During the annotation of the Chrysochromulina mt genome, we noticed that both cox1 and rnl genes are intervened by introns. The precise boundaries of the introns in the mt genome were confirmed by sequencing the corresponding transcripts (cDNAs). The secondary structures of the introns identified in the mt genome were predicted by MFOLD, followed by manual refinement by referring to Toor et al. (2001) and GOBASE database.

Phylogenetic analyses

We found that orf627 and orf584 in the Chrysochromulina mt genome encode IEPs (see above). The conceptual amino acid sequences of the two IEPs were aligned with 46 IEPs encoded in other mt genomes and four bacterial homologs by Muscle. The IEP sequences were retrieved from the GenBank database by referring to pioneering phylogenetic studies (e.g., refs. 17 and 18). After manual refinements and exclusion of ambiguously aligned positions, the final alignment, including 52 IEP sequences with 453 amino acid positions, was used for phylogenetic analyses.

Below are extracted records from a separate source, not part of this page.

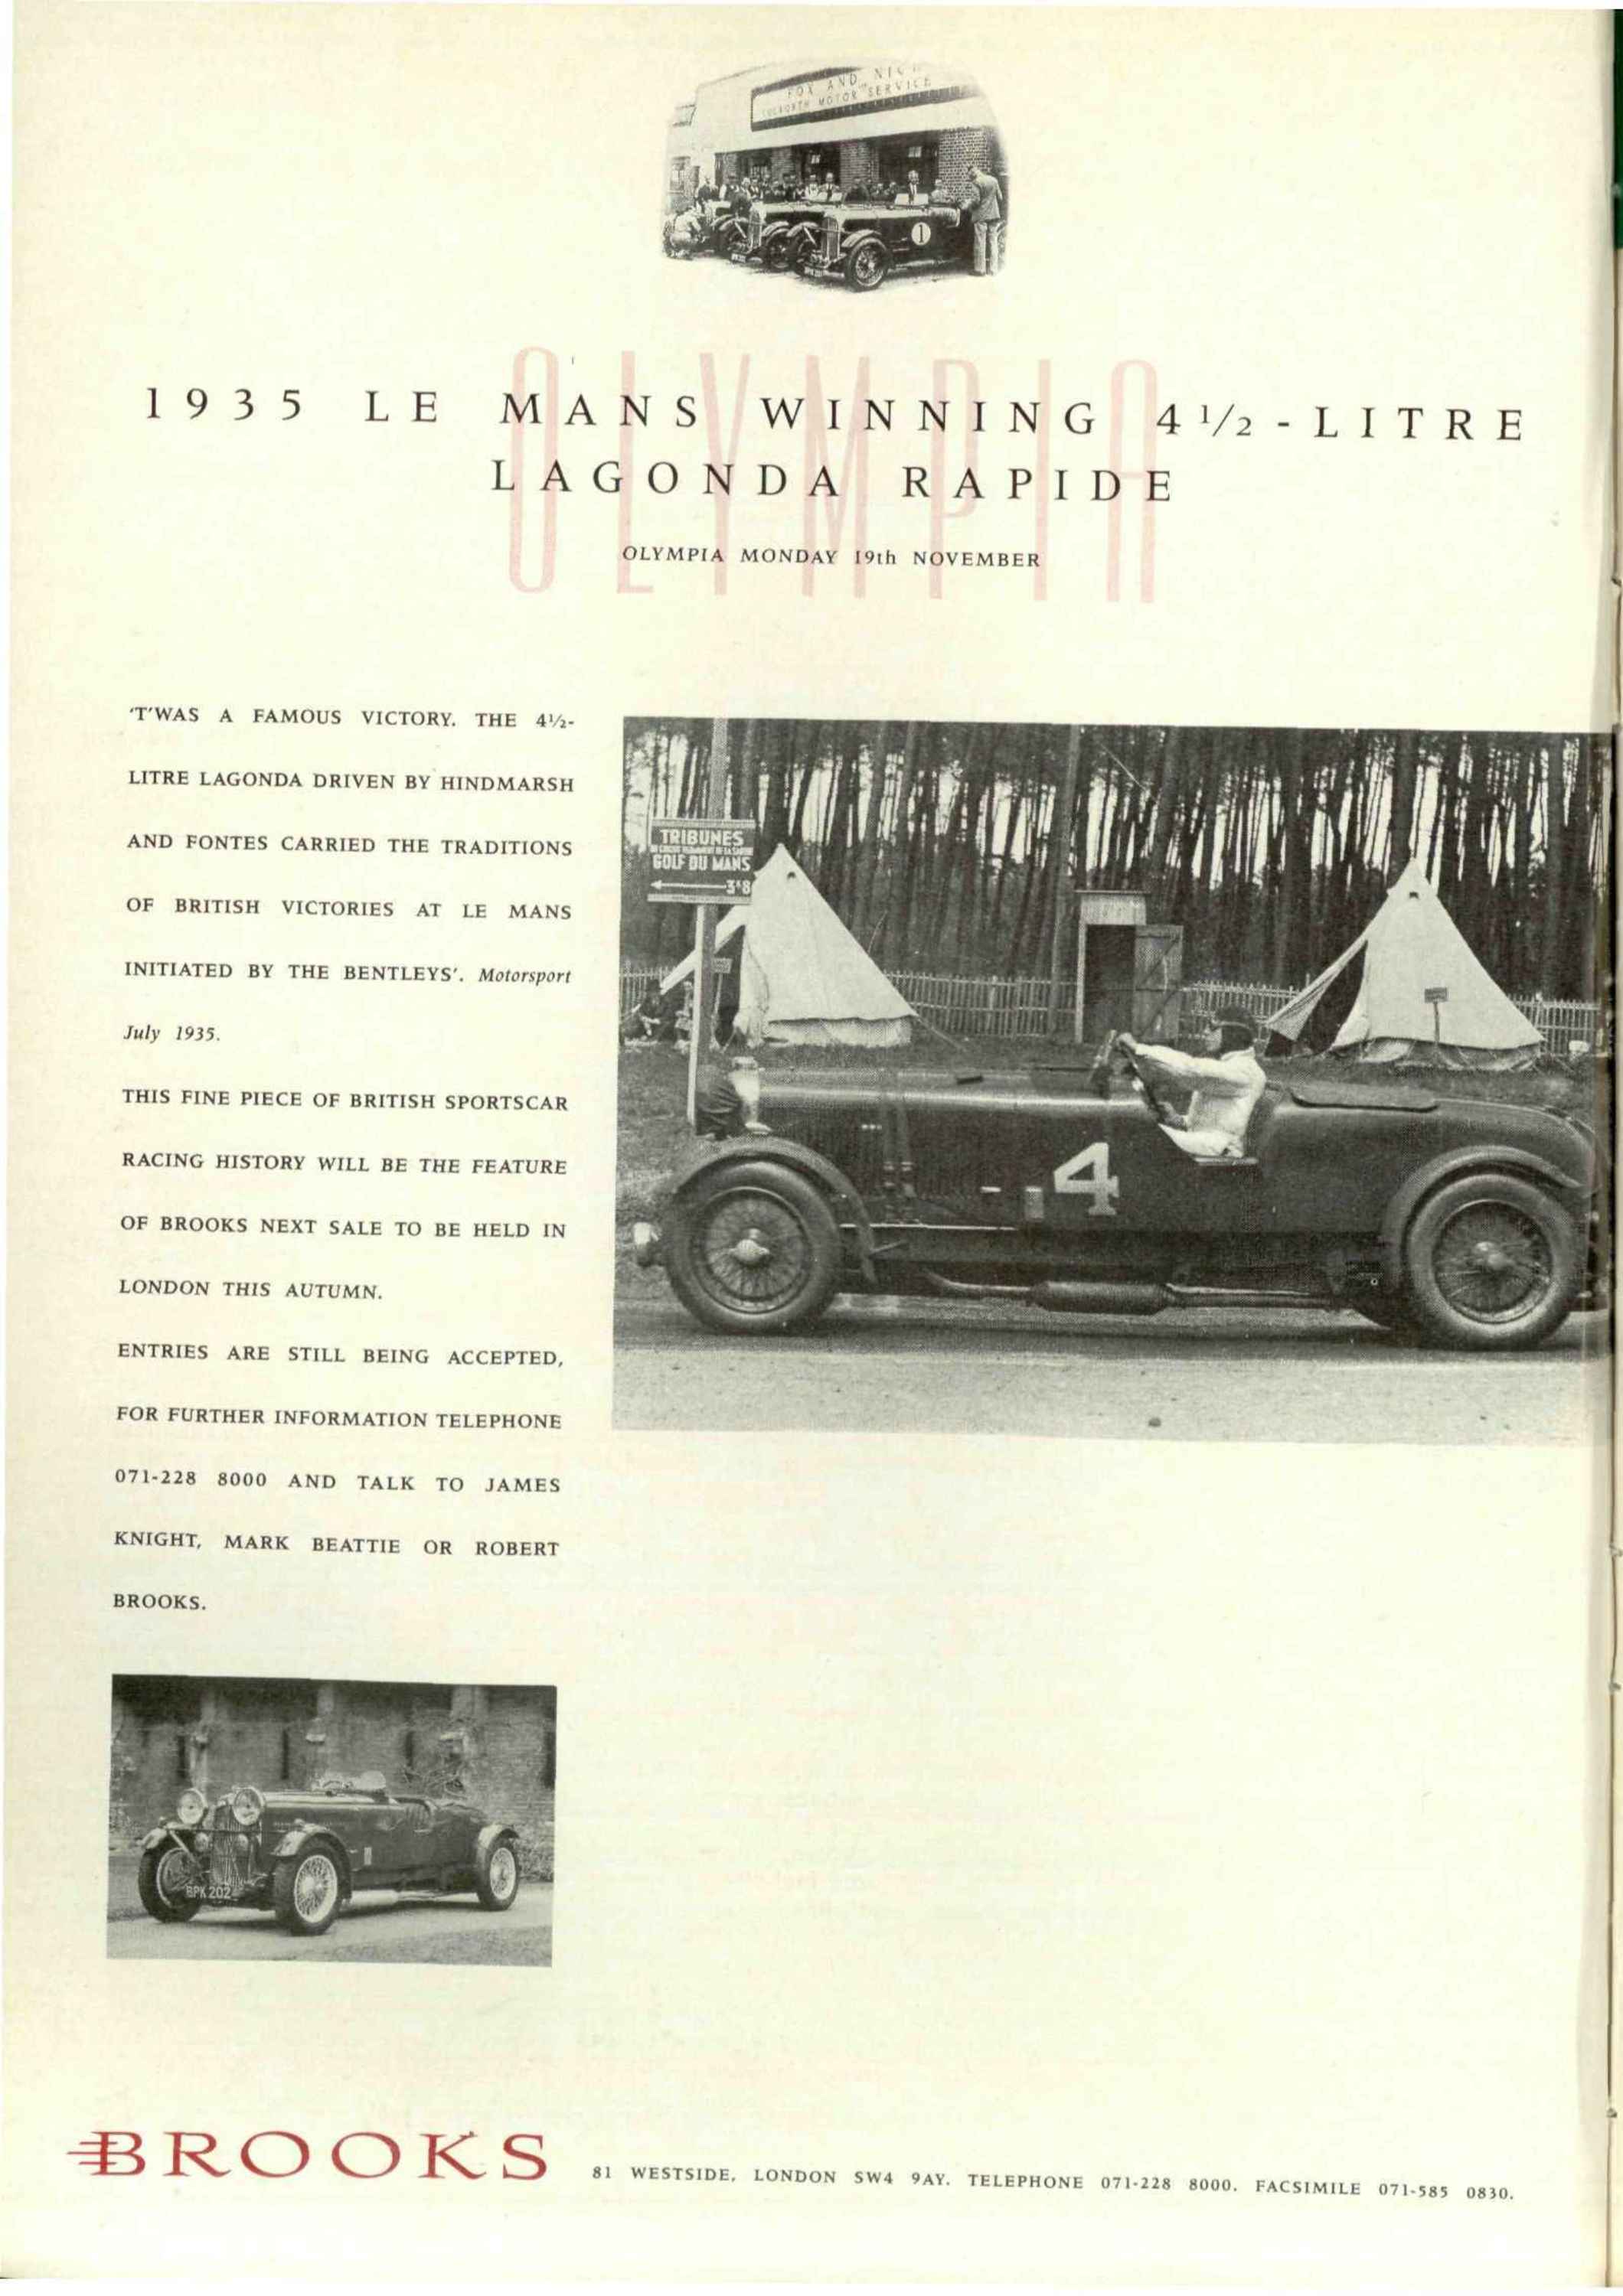 Louis Vuitton's Iconic Monaco Grand Prix Trophy Case — The Outlet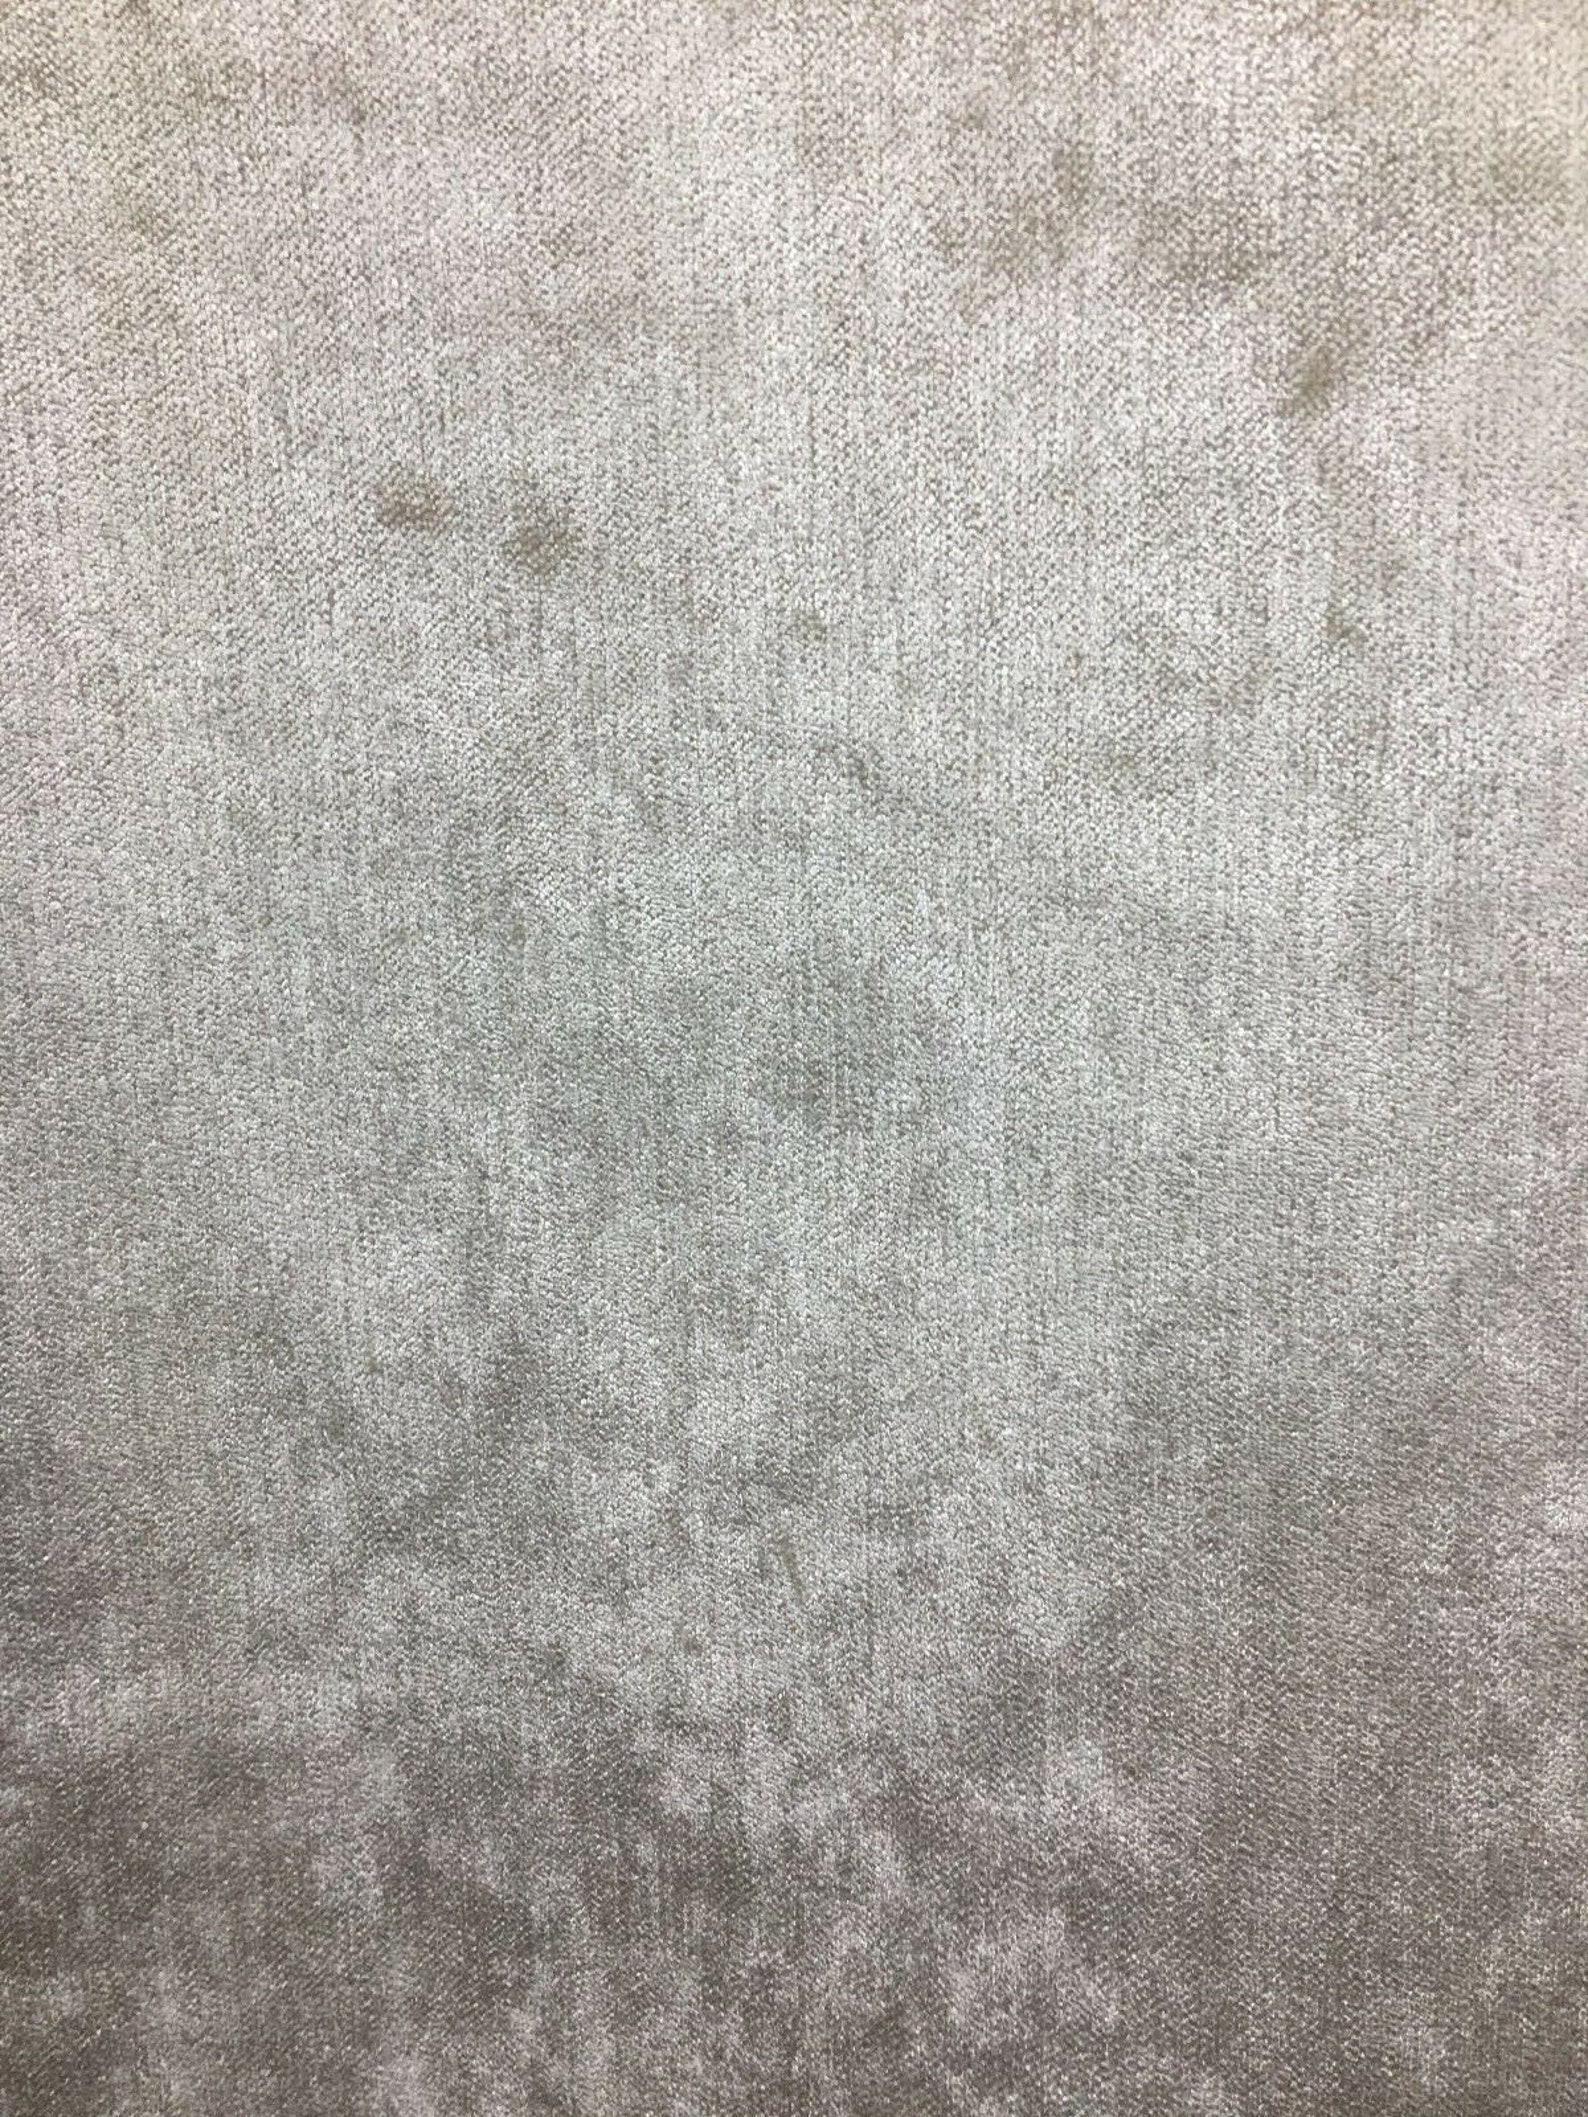 IVORY Solid Chenille Velvet Upholstery Drapery Fabric 56 In. - Etsy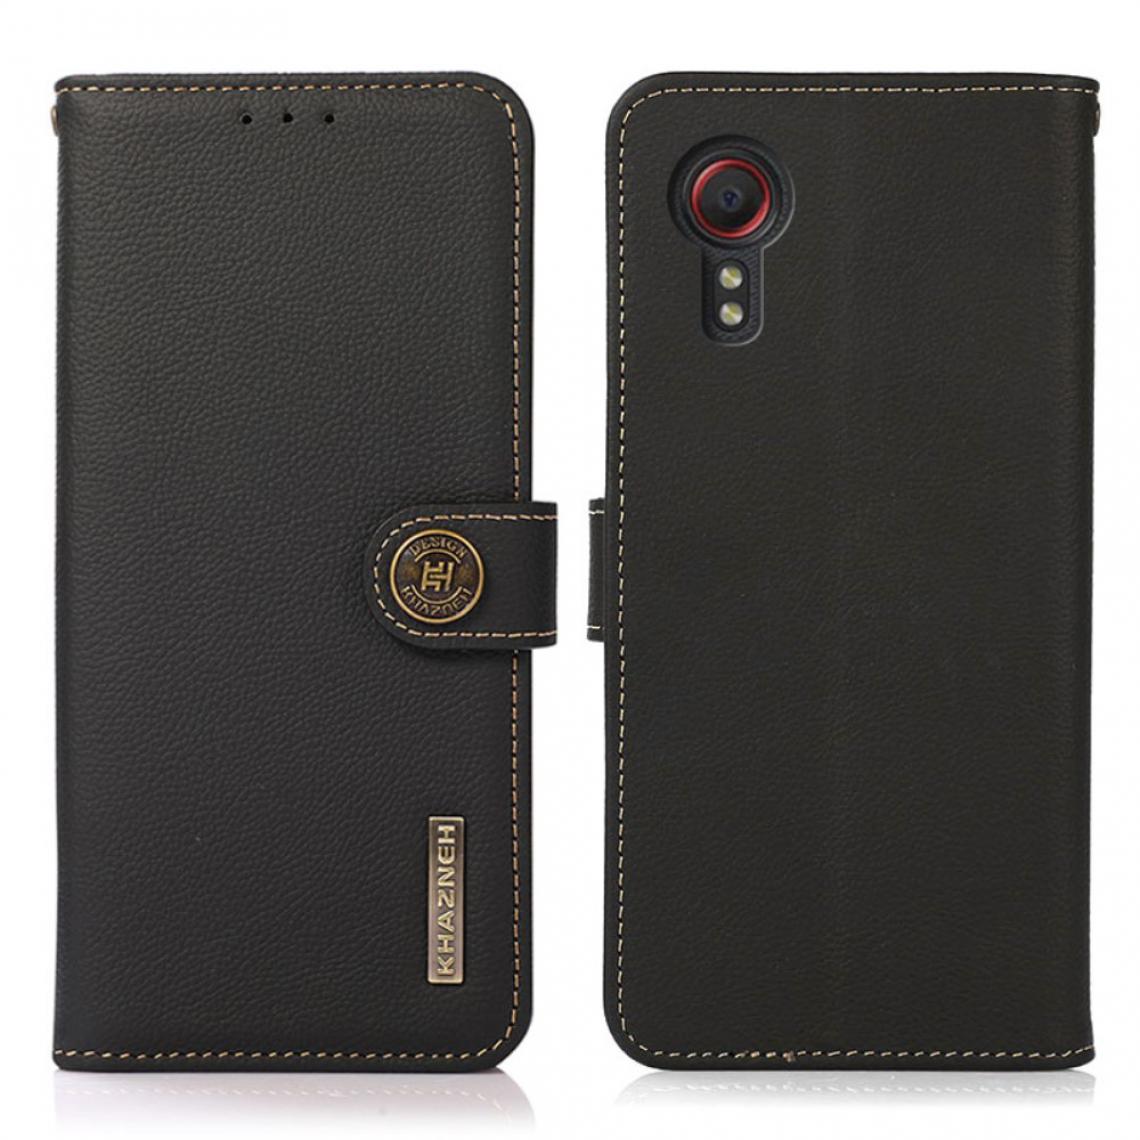 Other - Etui en cuir véritable Conception de balayage antivol RFID noir pour votre Samsung Galaxy Xcover 5 - Coque, étui smartphone

The alignment was subjected to both ML and Bayesian methods using RAxML7.2.6 and PhyloBayes3.3, respectively. We applied LG amino acid substitution model with among-site rate variation approximated by a discrete gamma distribution with four rate categories to ML analyses (LG + Γ + F) of the original alignment and 100 bootstrap replicates. The ML tree was selected by heuristic searches from 10 randomized maximum-parsimony (MP) starting trees. In ML bootstrap analysis, heuristic tree search was performed from a single MP starting tree per replicate. Bayesian analysis was conducted with the LG + Γ+ F model. Two independent Monte Carlo chains were run for 5,800–5,850 cycles, reaching maxdiff value of 0.08353. The first 100 cycles were discarded as “burn-in”; the consensus tree, branch lengths, and BPPs was calculated from remaining trees.